Exactly. Instead of siphoning out the roughly $473 million nonrecurring dollars not automatically allocated to the BSF or reducing unfunded accrued liabilities towards capital spending that could count against the limit, plow it all into the UAL reduction that wouldn’t. This would have the derivative impact of reducing the amount that local governments – read mainly school districts – would have to set aside as their share of offsetting the UAL trimming due, leaving them extra cash to do things like offer employee pay raises so the state wouldn’t take on this new commitment that spends more indefinitely.

As far as recurring cash, a good chunk of that could go to compensating for the sales tax hike roll-off by triggering that early in stages. This also doesn’t count against the limit, because spending would not increase, just be swapped in means of finance. The rest could go to weaning the state off a variety of taxes collected, such as personal income, corporate income, and corporate franchise, with an eye on reducing or eliminating these, as a number of prefiled bills ask whose foregone revenues largely would be recaptured through the increased economic growth spurred. The same dynamic of replacing spending with leftover dollars by eschewing their current collection also means the cap won’t bust.

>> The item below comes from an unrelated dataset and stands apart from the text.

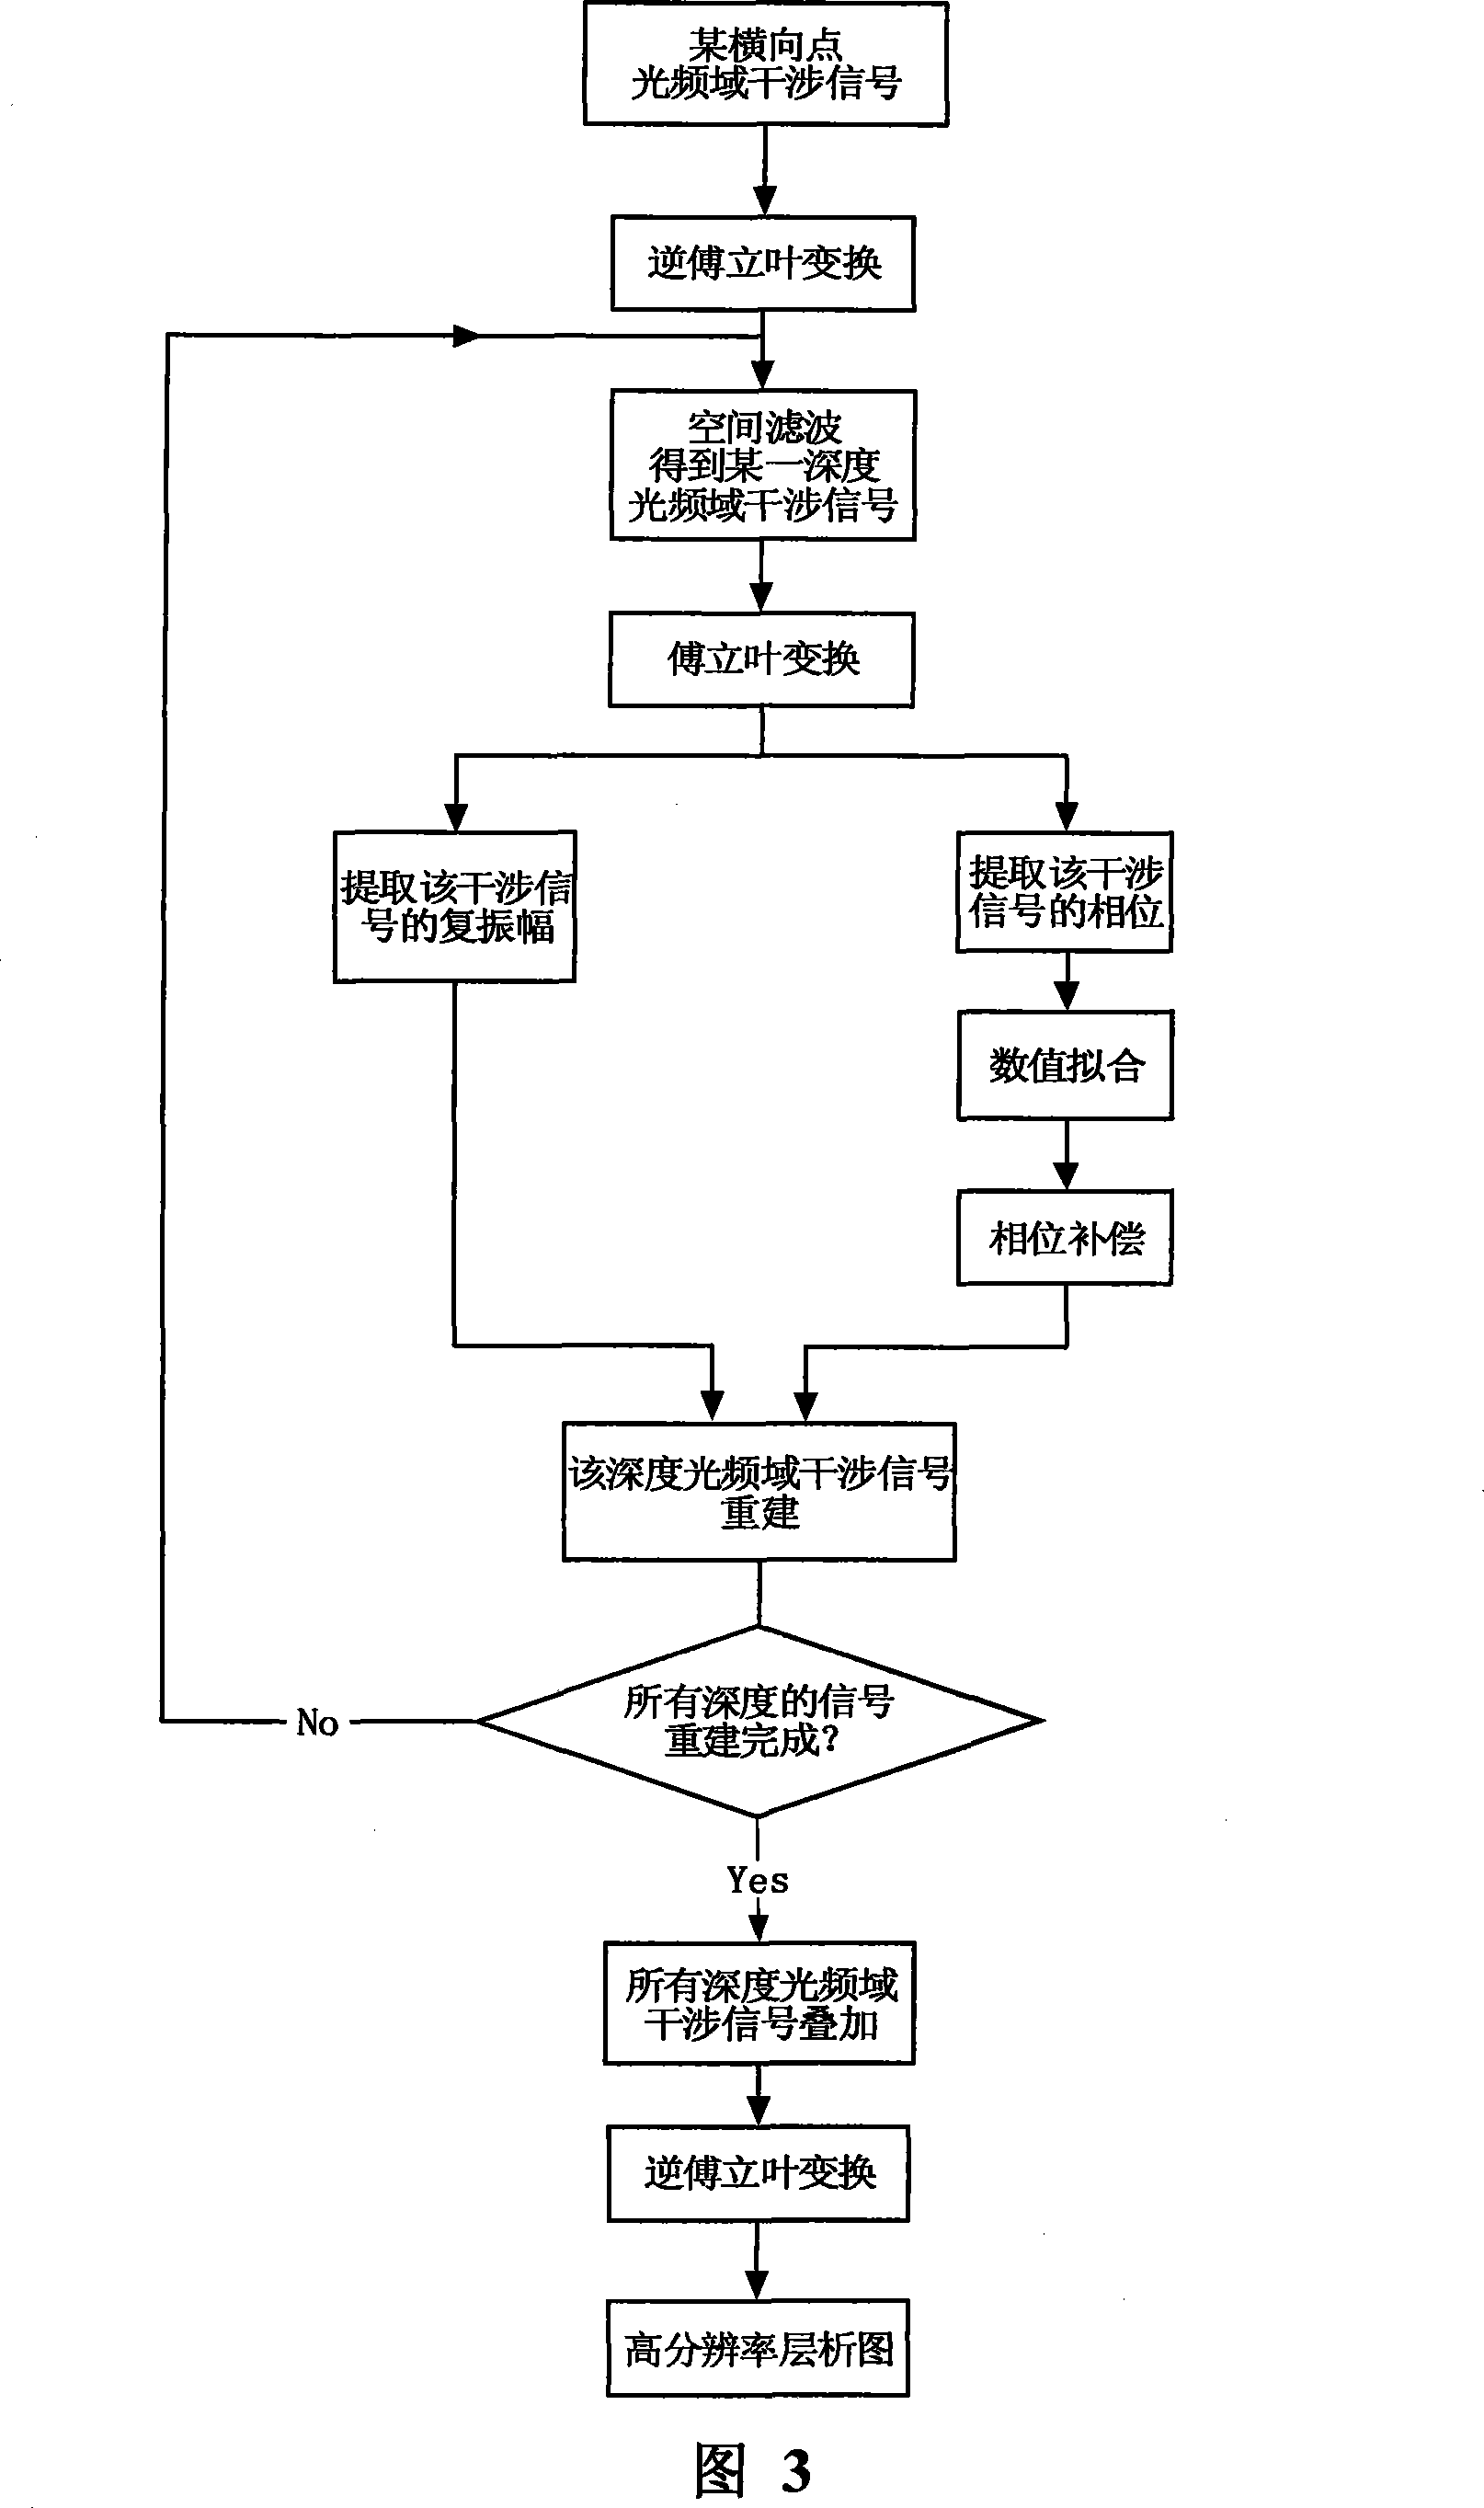 Method for the tomography of high resolution optics coherence

Keeping the cap where it is almost forces the Legislature to accept, and Edwards to swallow, more prudent spending and less of it in the future while facilitating future economic growth through lower taxes. And the tool is there to do it: breaching the cap requires two-thirds majorities in each legislative chamber, and the Caucus has enough members if they hold the line to defeat any such attempt.

The big-spending/live-for-today forces in the Legislature already have cued up the instruments by which to raise the cap, SCR 3 and SCR 4 by Cortez (they differ in that one asks to add on $750 million for last and this year and the other adds over $16 million more to that for each year). Conservatives need to hold firm to reject these and to set the state on a much wiser and sustainable spending course.